House debates
Monday, 9 February 2015
Private Members' Business
Municipal and Essential Services Program
12:11 pm
Shayne Neumann (Blair, Australian Labor Party, Shadow Minister for Indigenous Affairs) Share this | Hansard source
I commend the member for Perth for this motion. When we were in government, in our last budget we provided $44.1 million to assist 340 remote communities with power, water, sewage services, garbage collection and road maintenance. These are tiny little communities around the country in places like Western Australia, South Australia, Queensland, Victoria and Tasmania. The truth is that all Australians expect essential services to be provided in these communities as well as in major capital cities like Sydney, Melbourne and Brisbane. This was in addition to the $221 million we committed over 10 years under the Stronger Futures package. These kinds of services include dog control, accounting administration services, electricity, garden and road maintenance, animal control, and environmental health services.
But what has this government done since they came to power? What they have done here is undertake what they call a historic deal by the Minister for Indigenous Affairs, who should hang his head in shame. What he did—let's not mince words—was put a financial gun to the heads of the states and territories. That is what he did. He said, 'We will give you some money and you are on your own.' He said to the Western Australians, 'Here is $90 million and we will let you do whatever you want'—with no conditionality whatsoever, no consultation with homeland communities, no consultation with these remote communities which absolutely need this funding. The Abbott government have redrawn federal funding for municipal services. This type of funding was provided by both sides of politics, by Labor and the coalition, for decades and decades. It is a disgrace and they have done it without adequate consultation with these communities.
When the Western Australian government announced that they were closing about 164 communities across remote areas like the Pilbara and the Kimberley there was a hue and cry, not just from Indigenous leaders on the left but also from the right. So we have seen this procrastination, but we know that that is the decision that they have made. They are going to engage in forced removal and relocation, and the federal minister said, 'It's not my responsibility.' What do people in the urban areas expect but good services in these remote communities. In these Indigenous communities, 38,000 indigenous Australians are at risk of forcible removal and relocation because of the Abbott government's decision, the lack of consultation and the lack of conditionality on this funding—leaving Western Australian communities and remote areas at the mercy of the Barnett government. That is what has happened as a result of this decision.

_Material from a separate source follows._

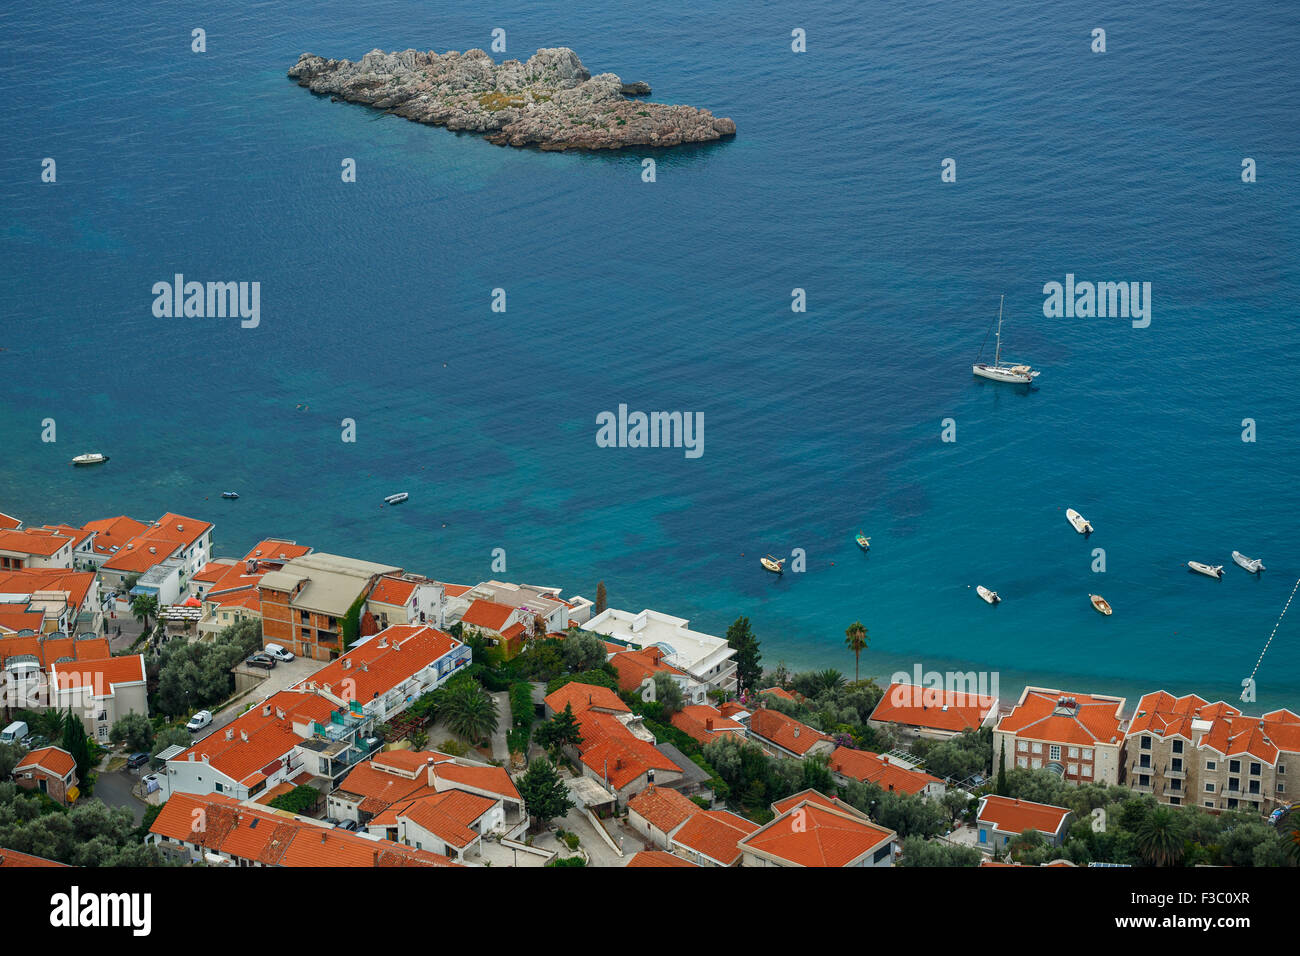 Il pittoresco panorama della costa adriatica nei pressi della città di Sveti Stefan, Montenegro, Balcani Foto Stock

So this is a government that cut $534 million from Indigenous affairs in their first budget. This decision has to be seen in context, and then they have completely messed up the Indigenous Advancement Strategy and cut funding everywhere: family violence prevention centres, Prisoner ThroughCare, antirecidivism programs; the National Congress of Australia' First Peoples defunded; and the National Family Violence Prevention Legal Services Program utterly defunded.
The shambolic way they have conducted Indigenous affairs is clearly evident by the decisions they have made. What have they done? Particularly relevant to Western Australia and this motion before the chamber today, they have reneged on a commitment to justice targets to reduce Indigenous incarceration rates and improve community safety. What about these communities that are now at risk in Western Australia?
They want to get the kids to school—we support getting kids to school. We want to make sure kids go to school, finish primary and high school and get good jobs; and that skills and talents are fostered to make sure they participate in community. But you cannot do that if you are cutting the funding and forcibly relocating communities. People have lived for millennia in parts of Western Australia, and what does the Abbott government do? It says: 'Bye-bye. We'll wash our hands like Pontius Pilate. You can have some money. We'll have nothing to do with this anymore'.
This is a Prime Minister who said he was going to be Prime Minister for Indigenous affairs and would indeed be at the front and heart of the centre of decision making in this government. What have they done? Cut. Cut. Cut, and Closing the Gap is a fiction under this government. We will see in the next couple of days, with the Closing the Gap report and this motion before the chamber—the MUNS funding, the lack of consultation, and the consequences to remote communities in WA—that it is clear the Abbott government has failed Indigenous Australia.